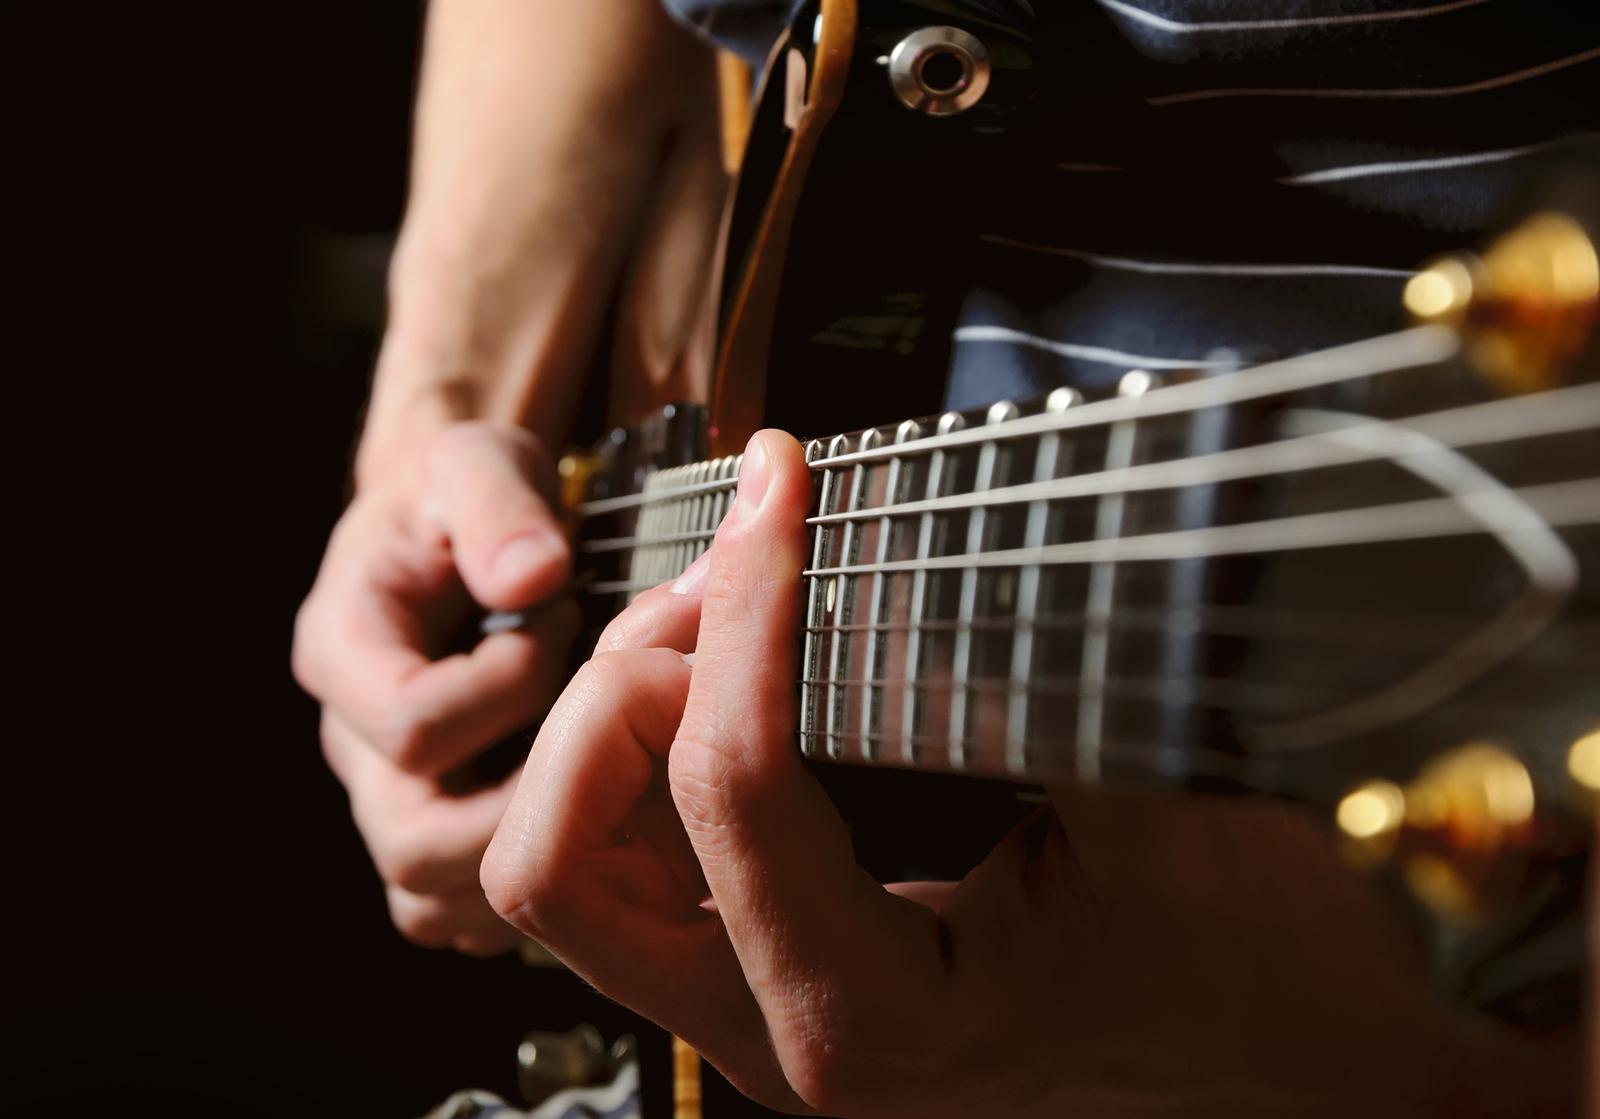 Castelo Branco promove V Festival de Guitarra dia 23
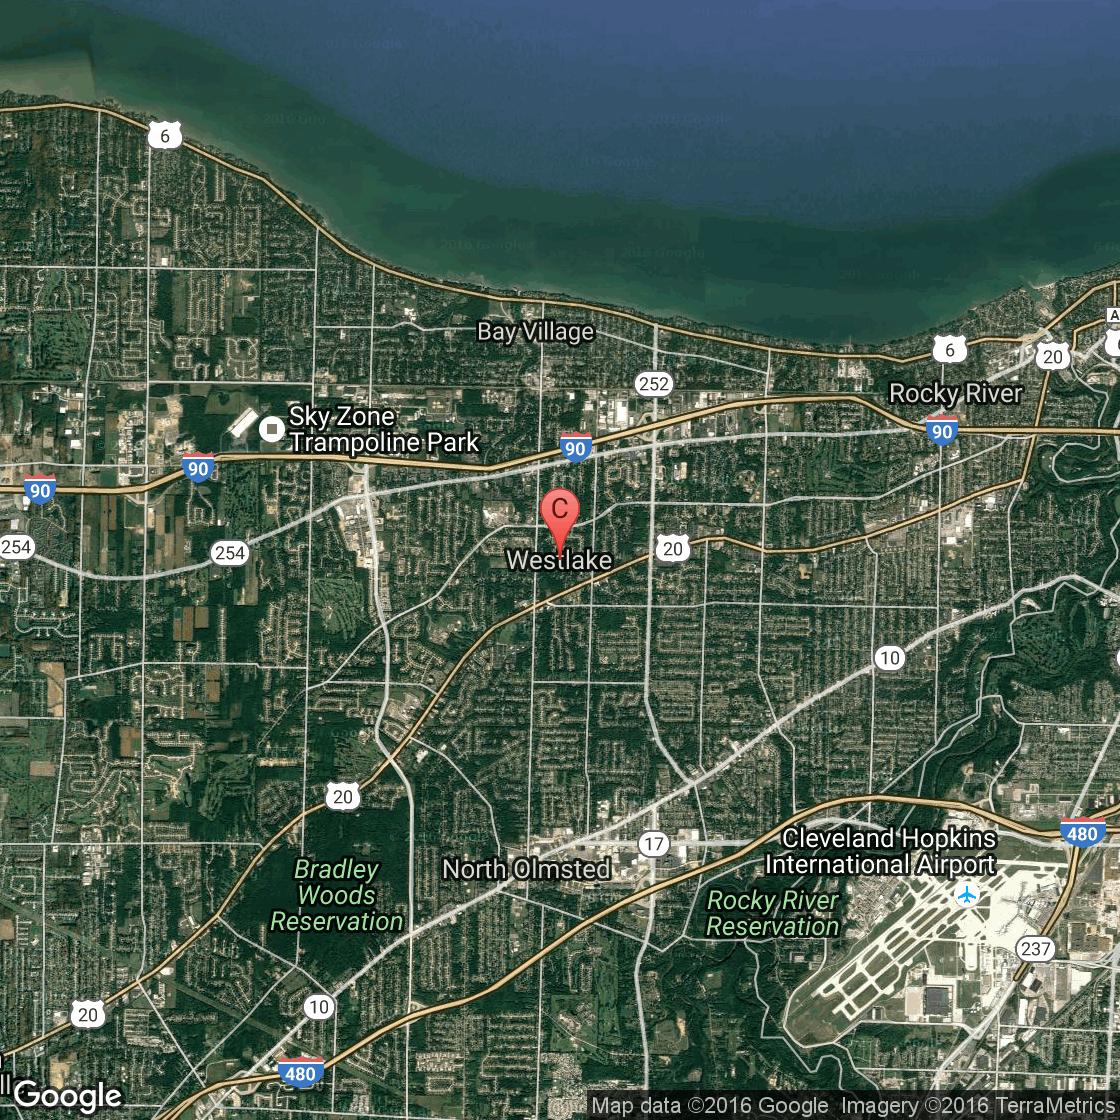 Westlake Apartments: Attractions In Crocker Park In Westlake, Ohio
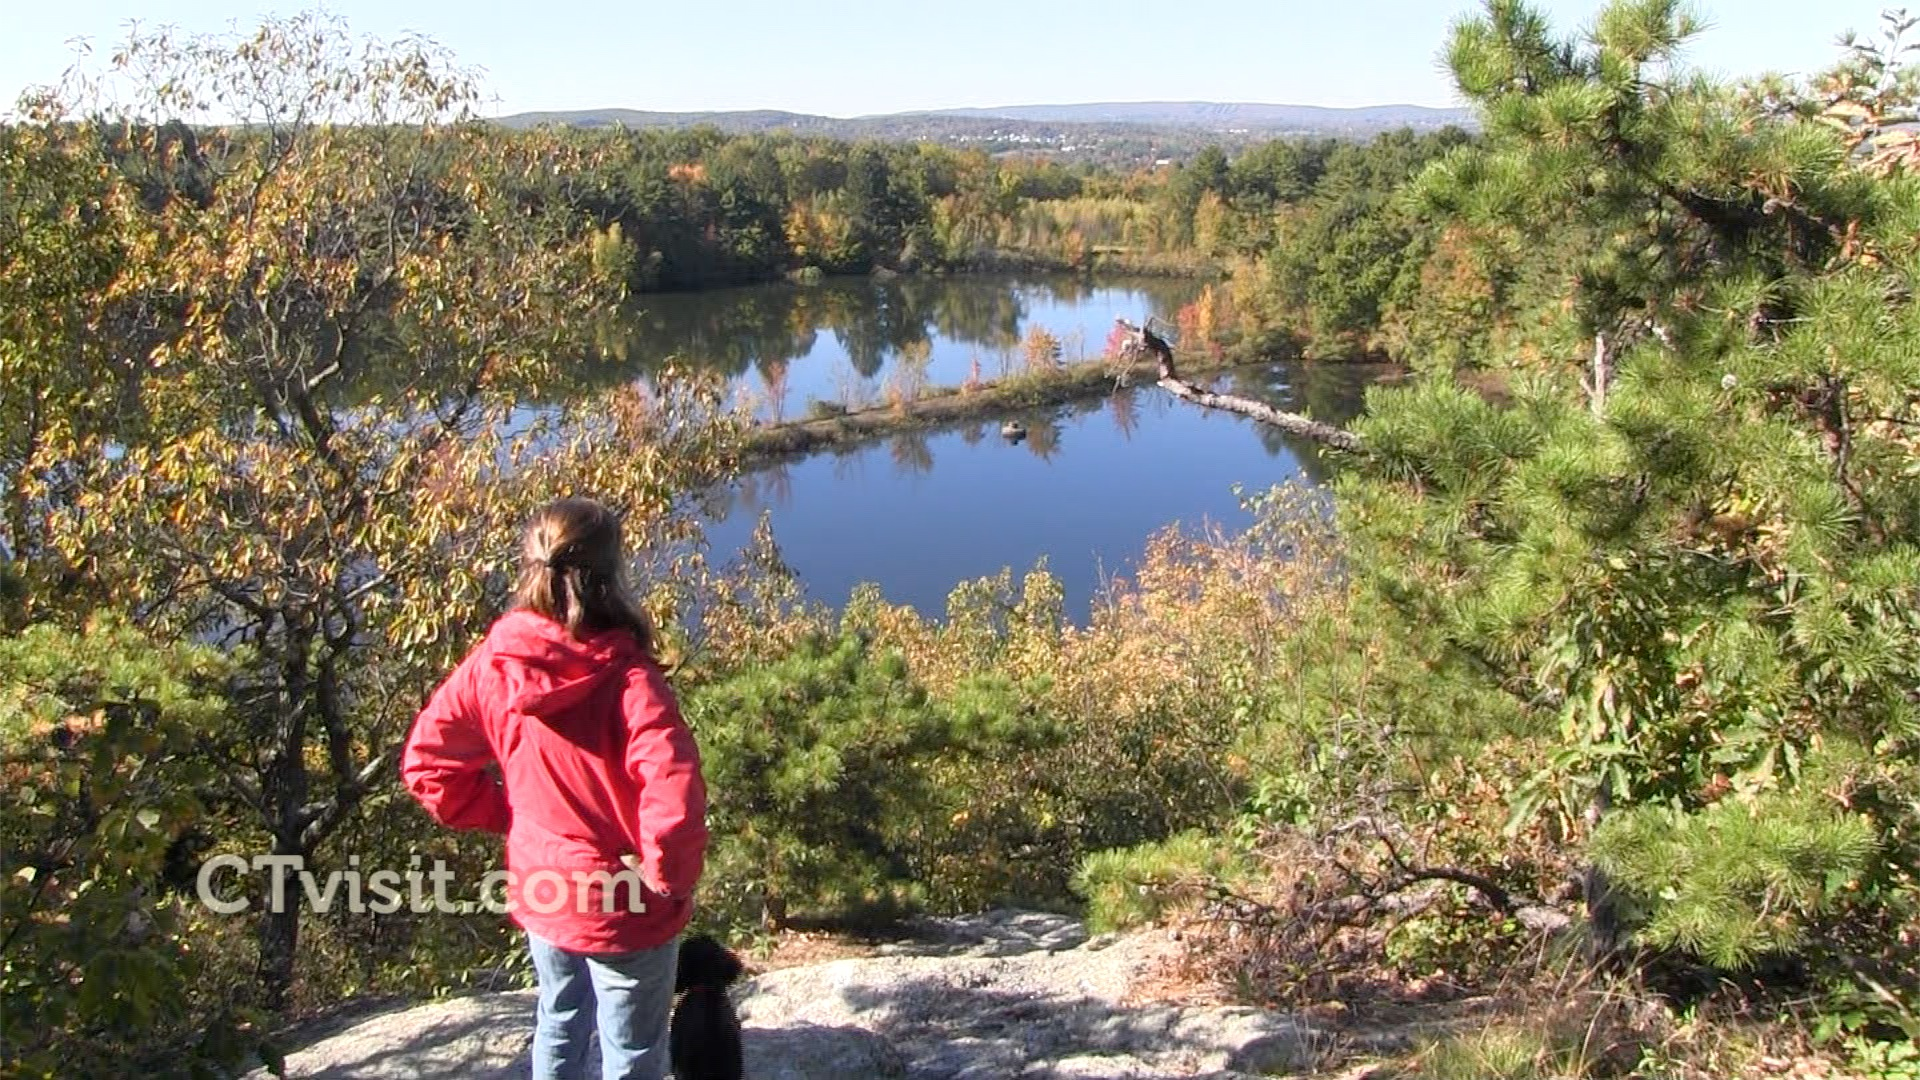 Mattabesett Trail - Reservoirs
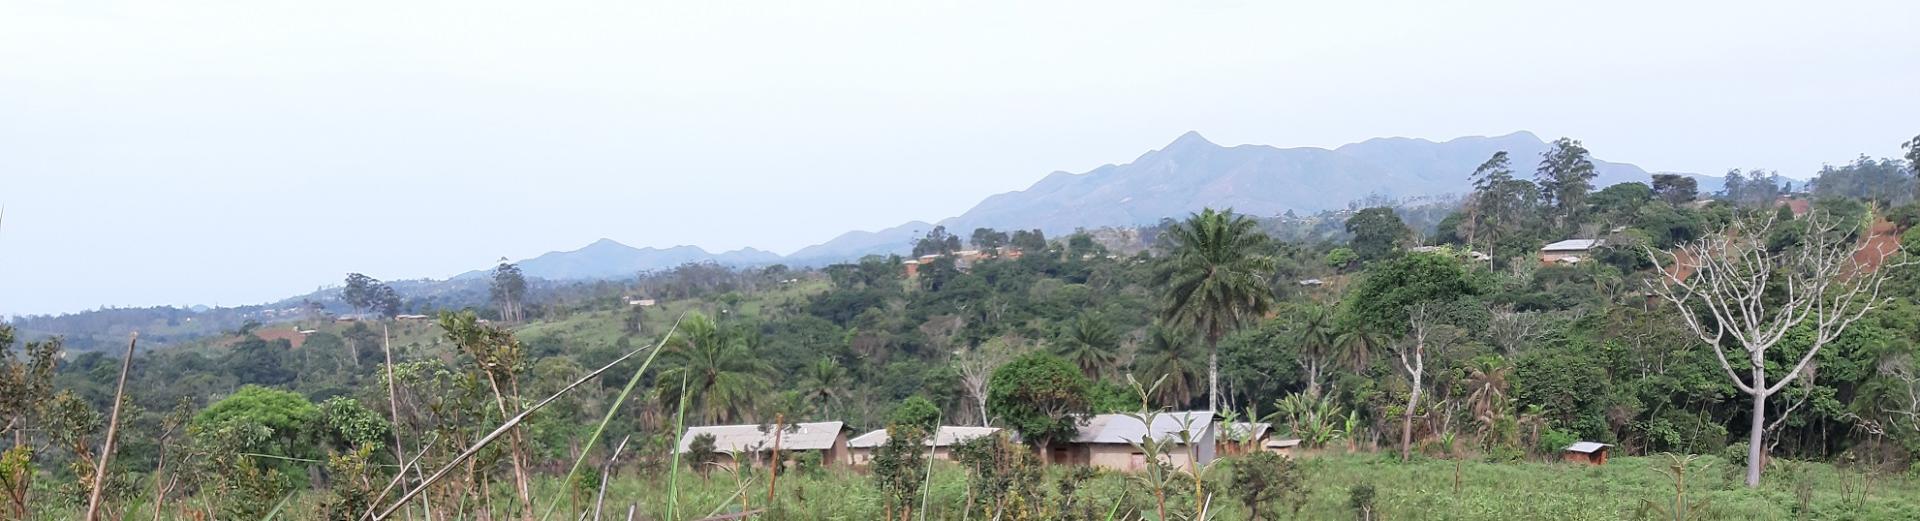 Bamena vue monts batchingou
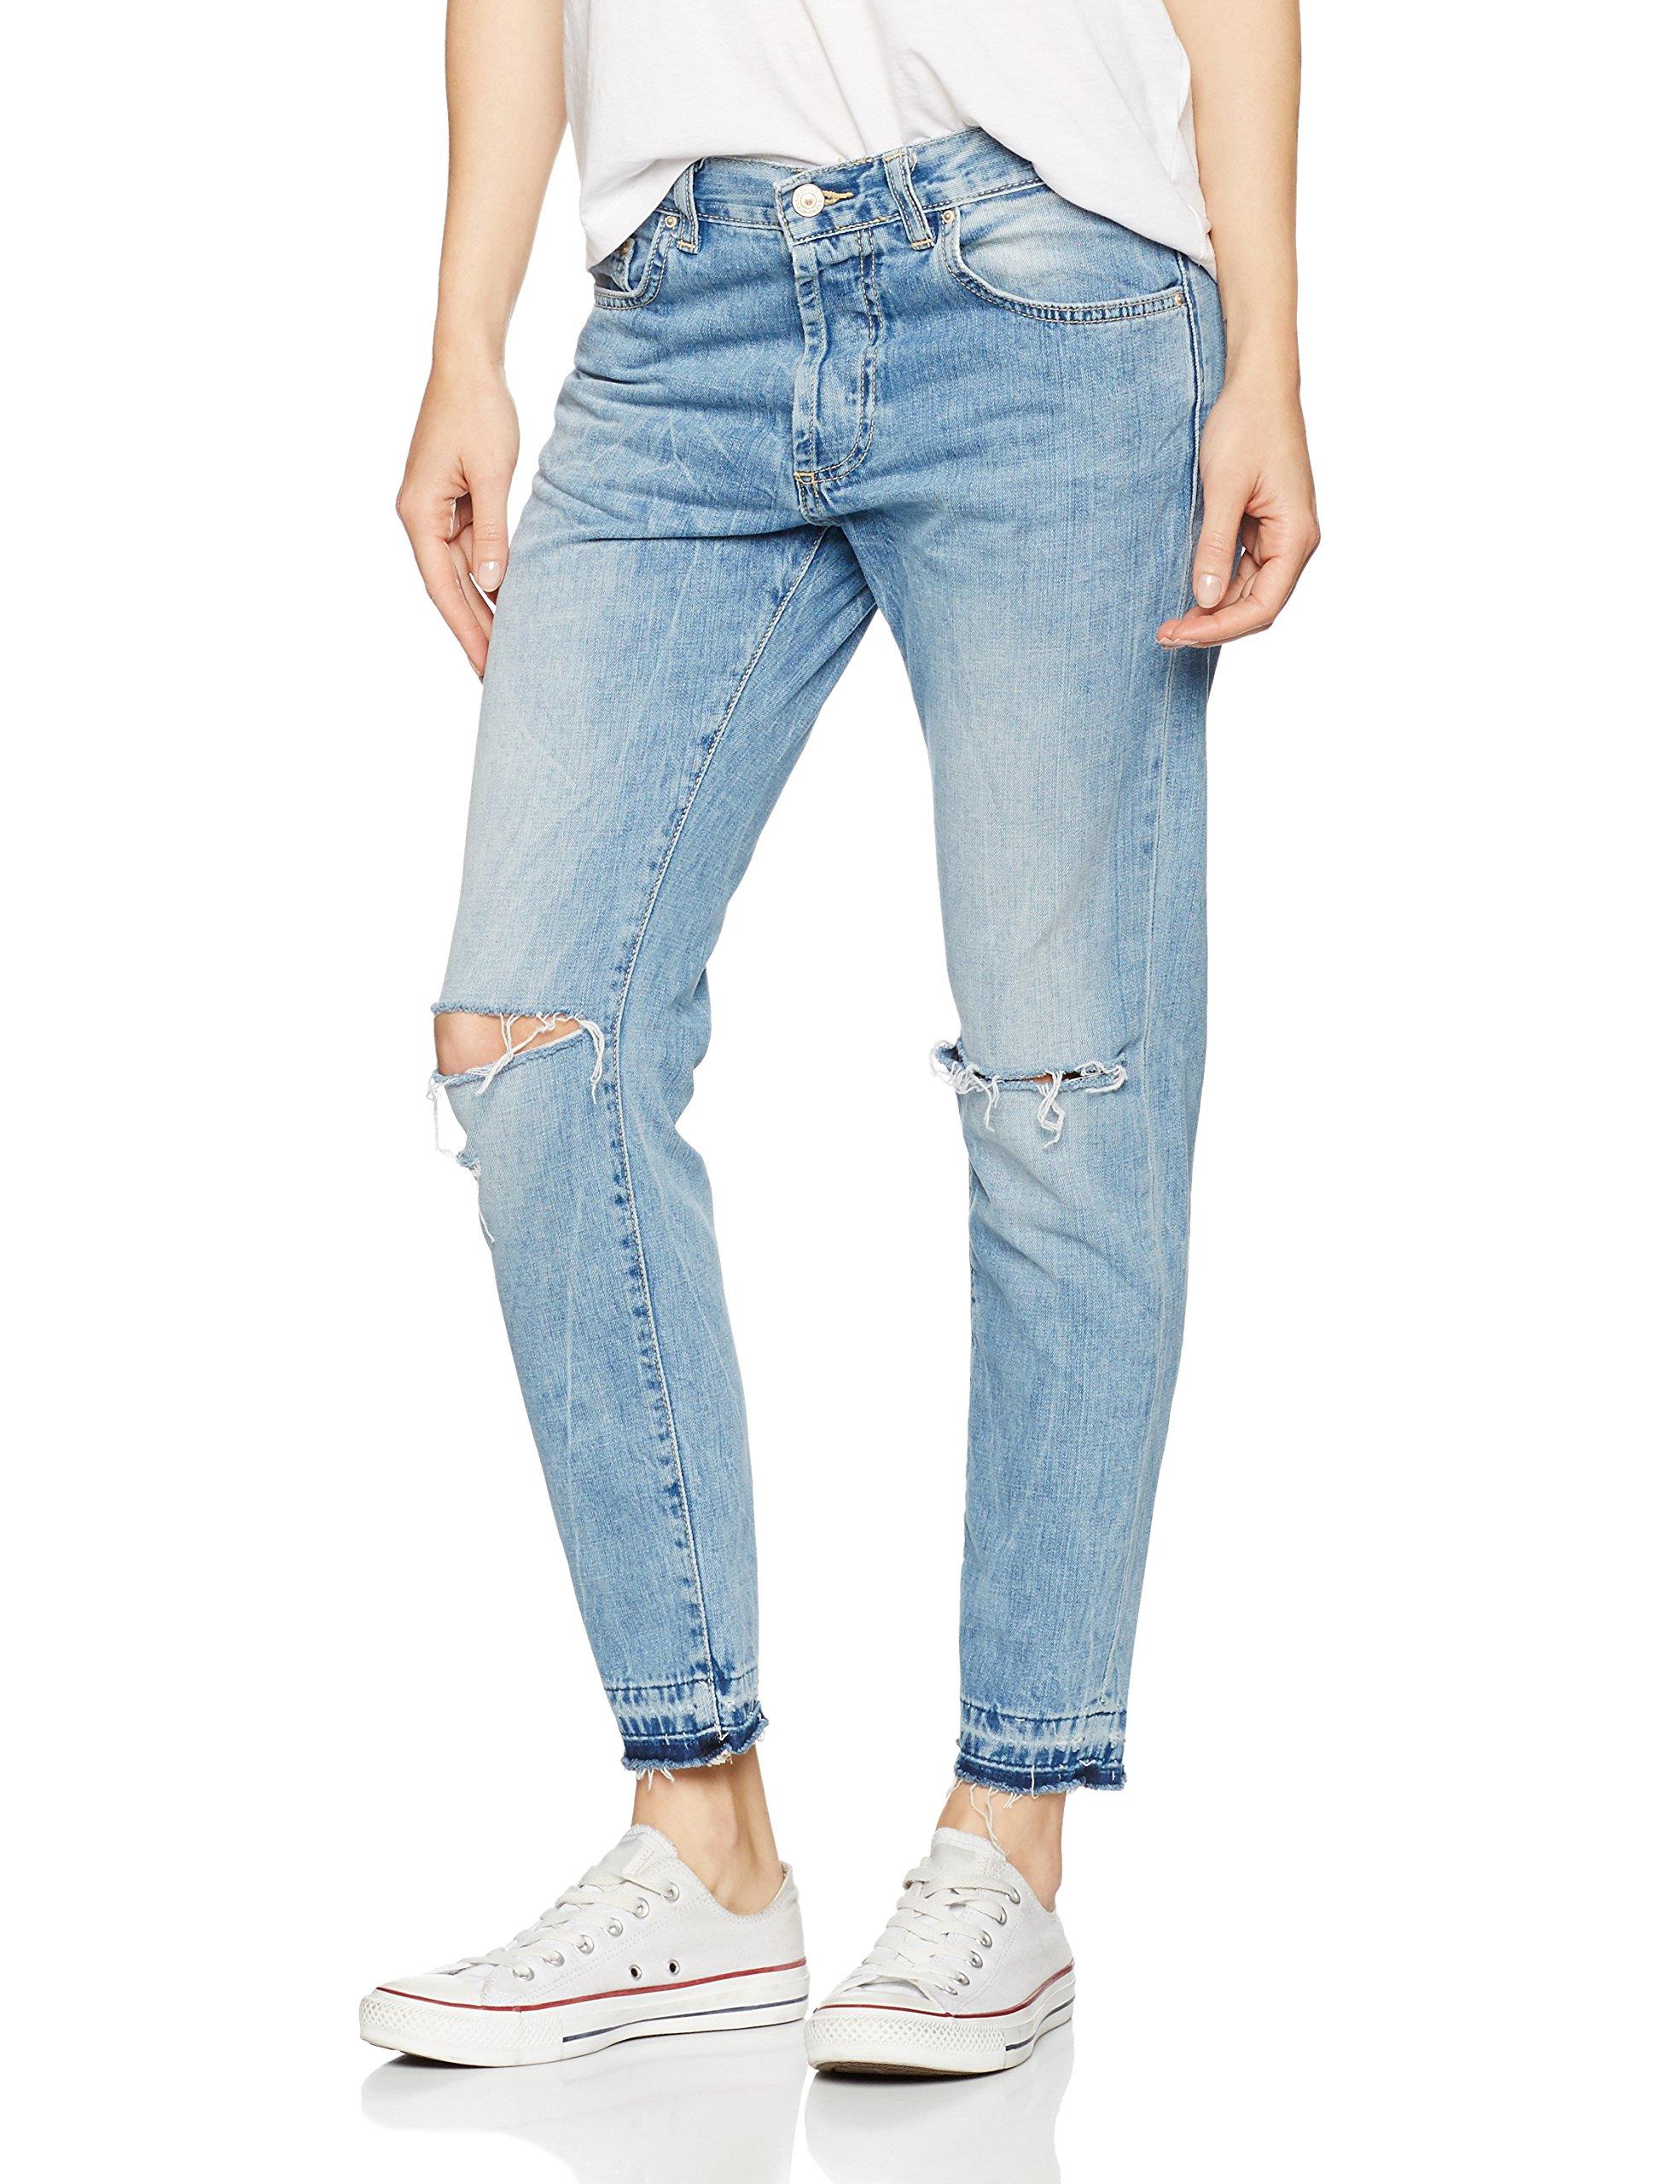 Wash Ltb BoyfriendBlauivanov Jeans Jean Nicka 5104929wtaille Fabricant29Femme 0kNwOX8nPZ

++++++++

TASK PROMPT: The entries above should be written out in full, and any picture in them left out.

OUTPUT OF THE EXERCISE:
 Castelo Branco promove V Festival de Guitarra dia 23
 Westlake Apartments: Attractions In Crocker Park In Westlake, Ohio
 Mattabesett Trail - Reservoirs
 Bamena vue monts batchingou
 Wash Ltb BoyfriendBlauivanov Jeans Jean Nicka 5104929wtaille Fabricant29Femme 0kNwOX8nPZ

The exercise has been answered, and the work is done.